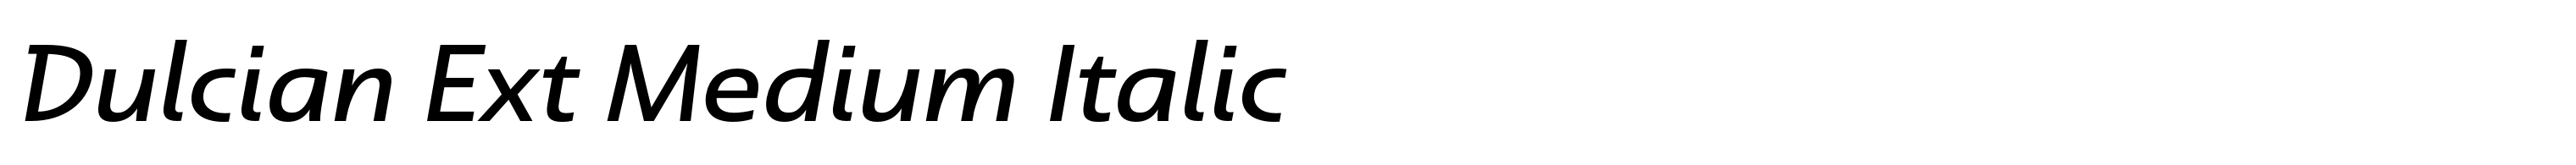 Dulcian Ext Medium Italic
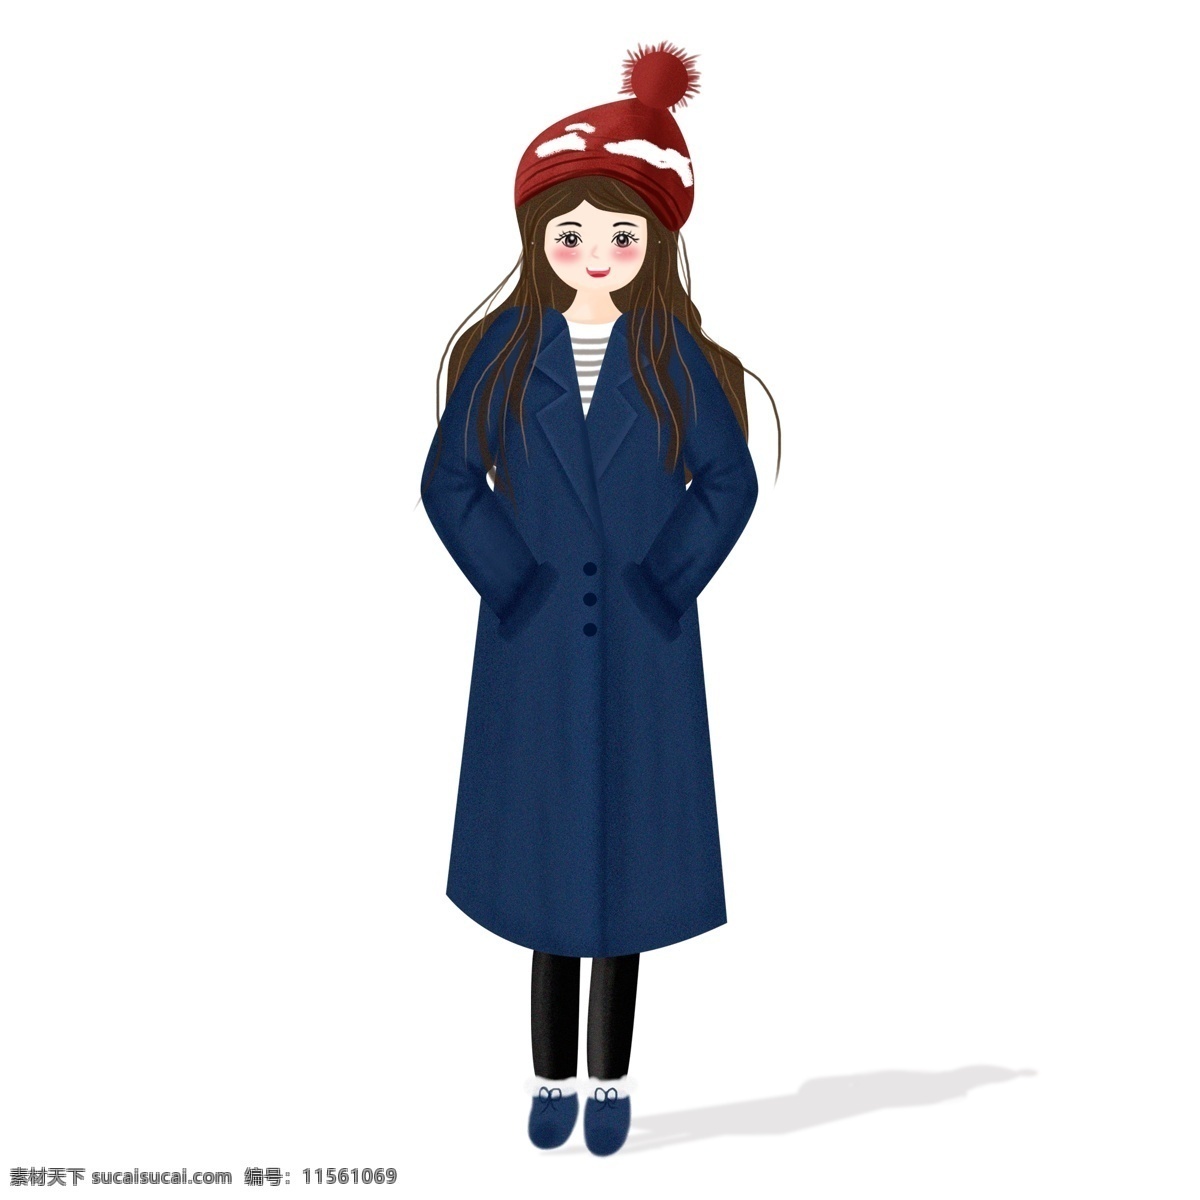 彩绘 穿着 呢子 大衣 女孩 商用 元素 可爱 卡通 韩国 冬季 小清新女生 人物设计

*****

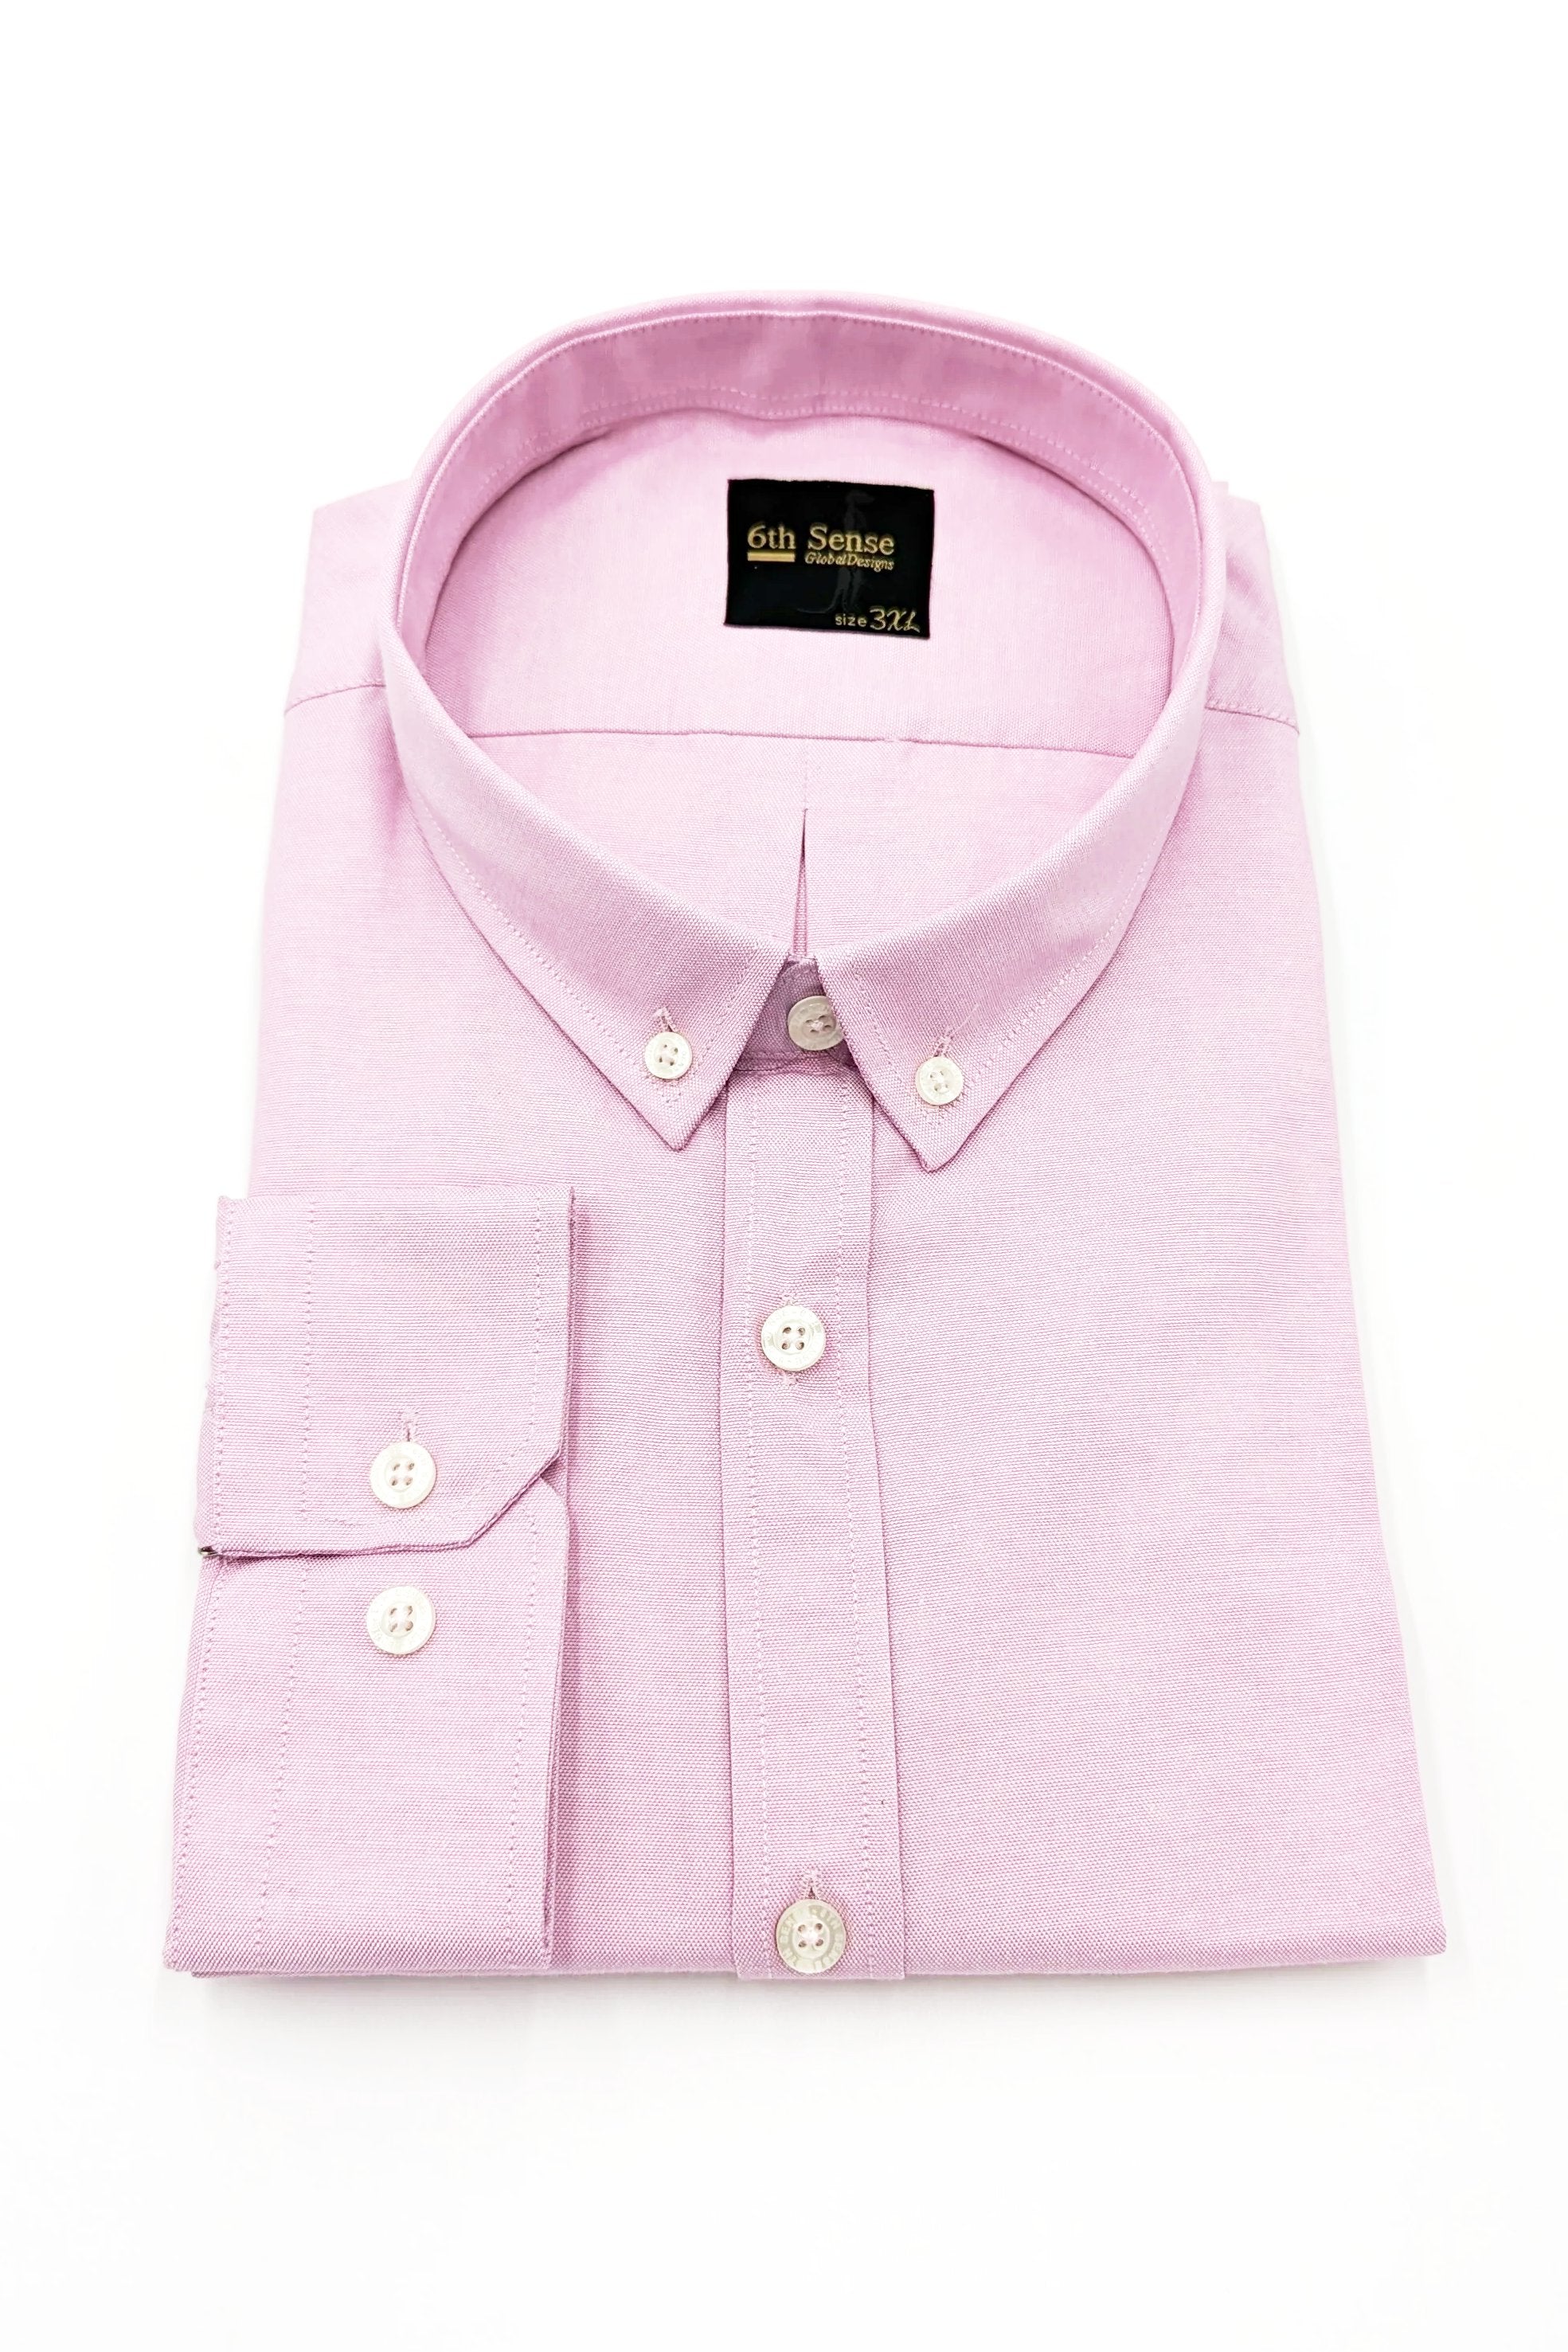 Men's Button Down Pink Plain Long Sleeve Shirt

*****

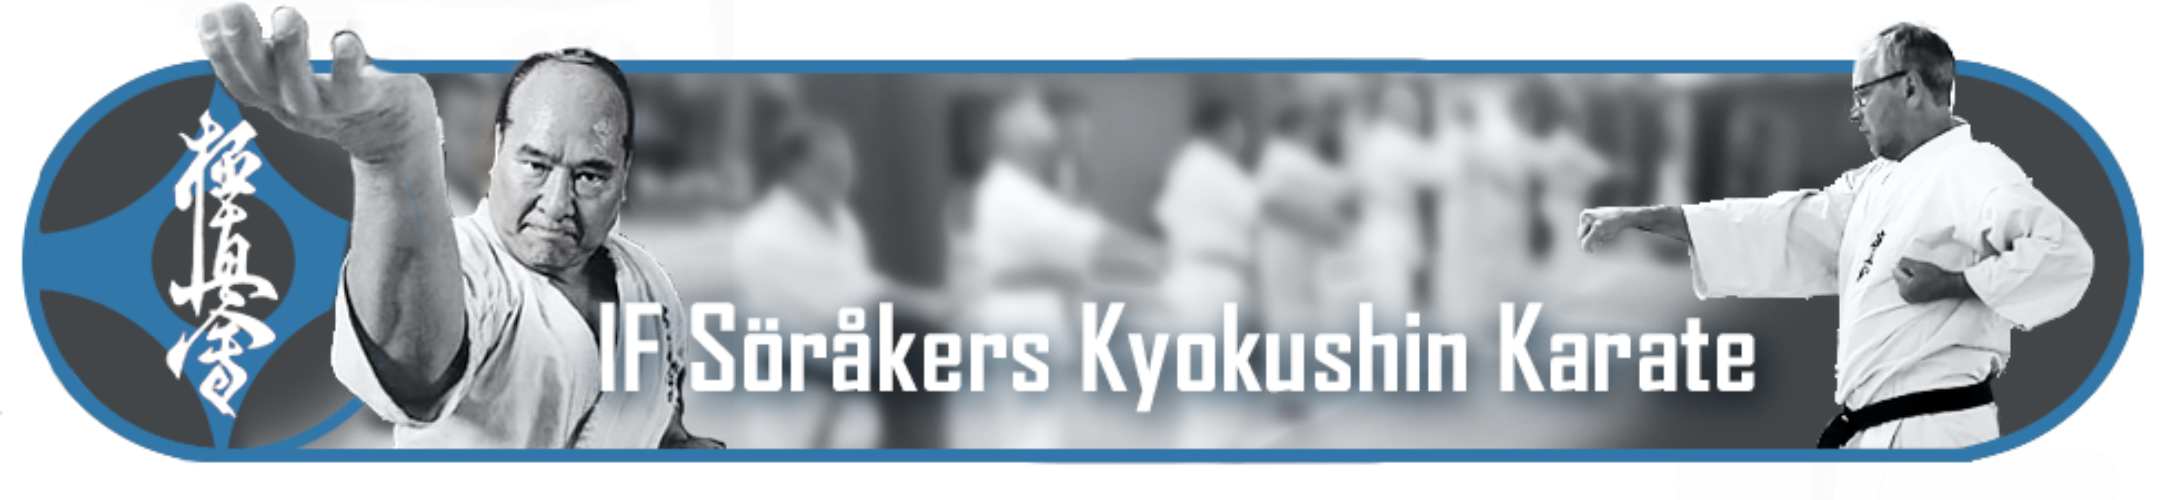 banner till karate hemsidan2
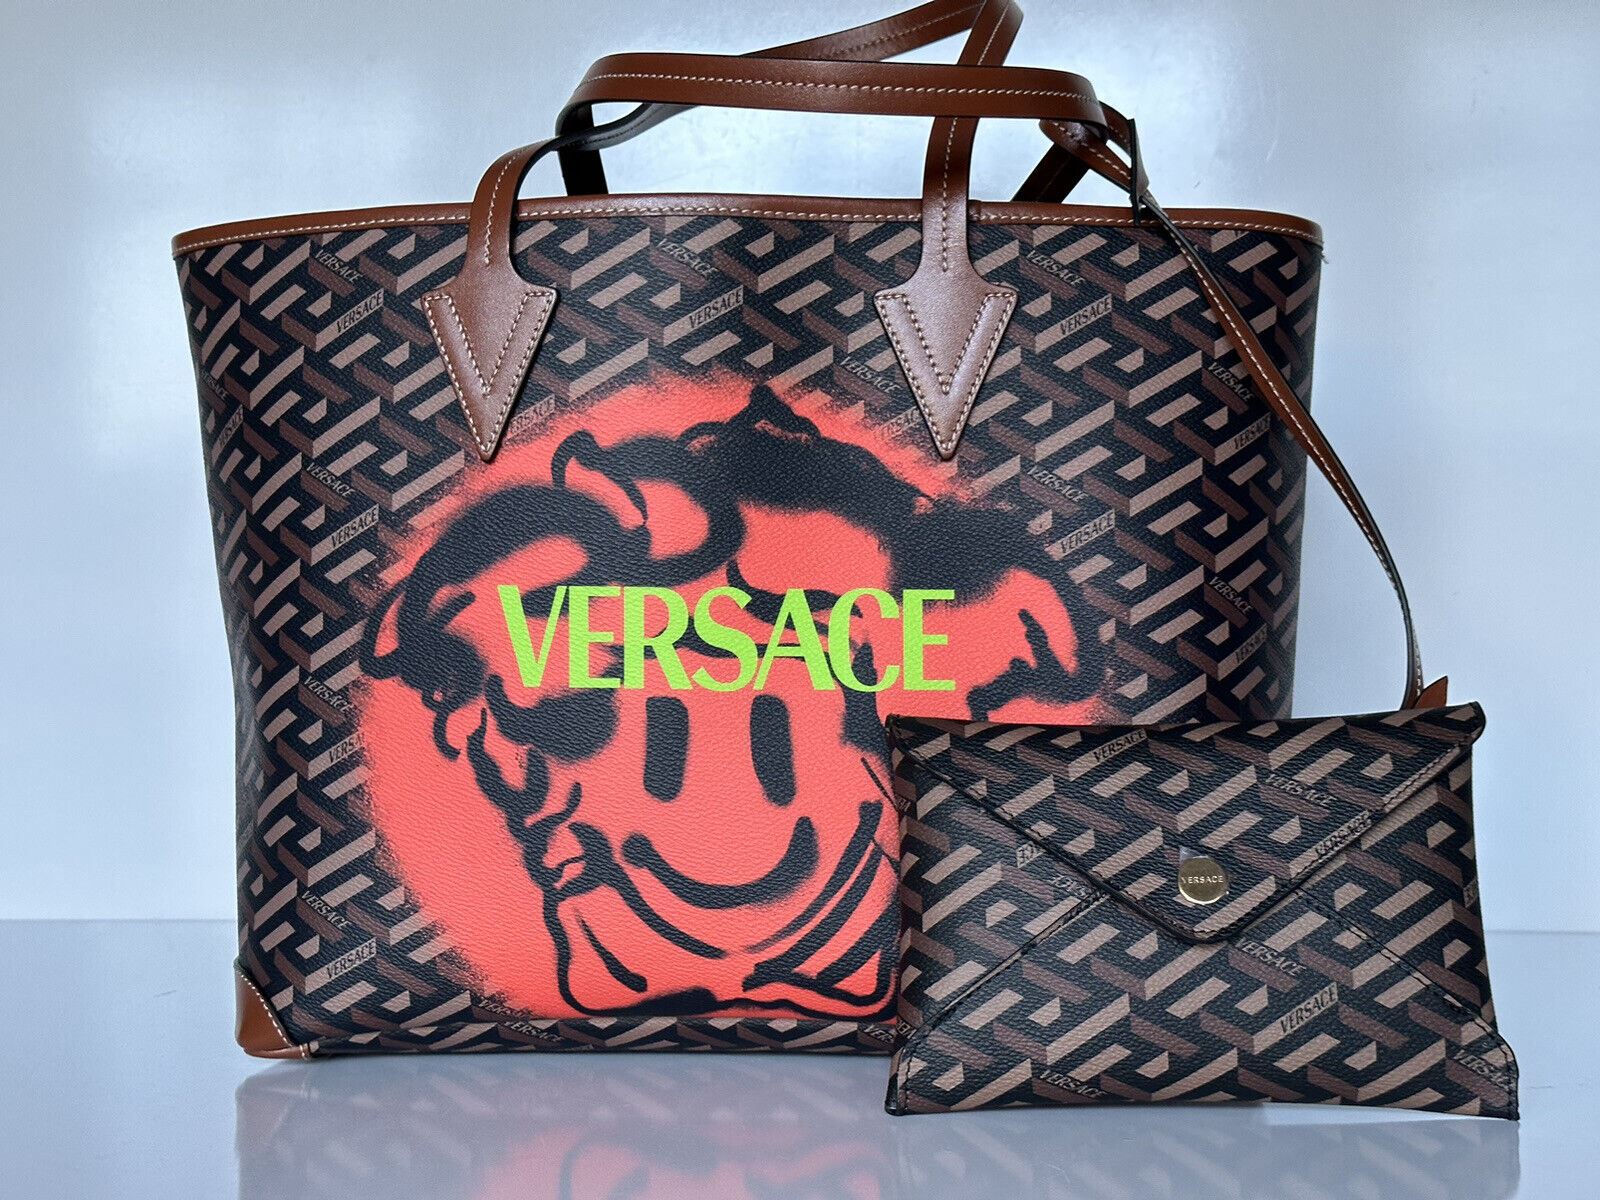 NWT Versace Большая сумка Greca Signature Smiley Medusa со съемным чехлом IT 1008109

*****

DESCRIPTION OF THE TASK:
Output exactly the lines of the listing above that start with the one holding "banner till karate hemsidan2" and go on through the one holding "NWT Versace Большая"; leave the pictures out.

RESPONSE FOR THIS EXERCISE:
 banner till karate hemsidan2
 NWT Versace Большая сумка Greca Signature Smiley Medusa со съемным чехлом IT 1008109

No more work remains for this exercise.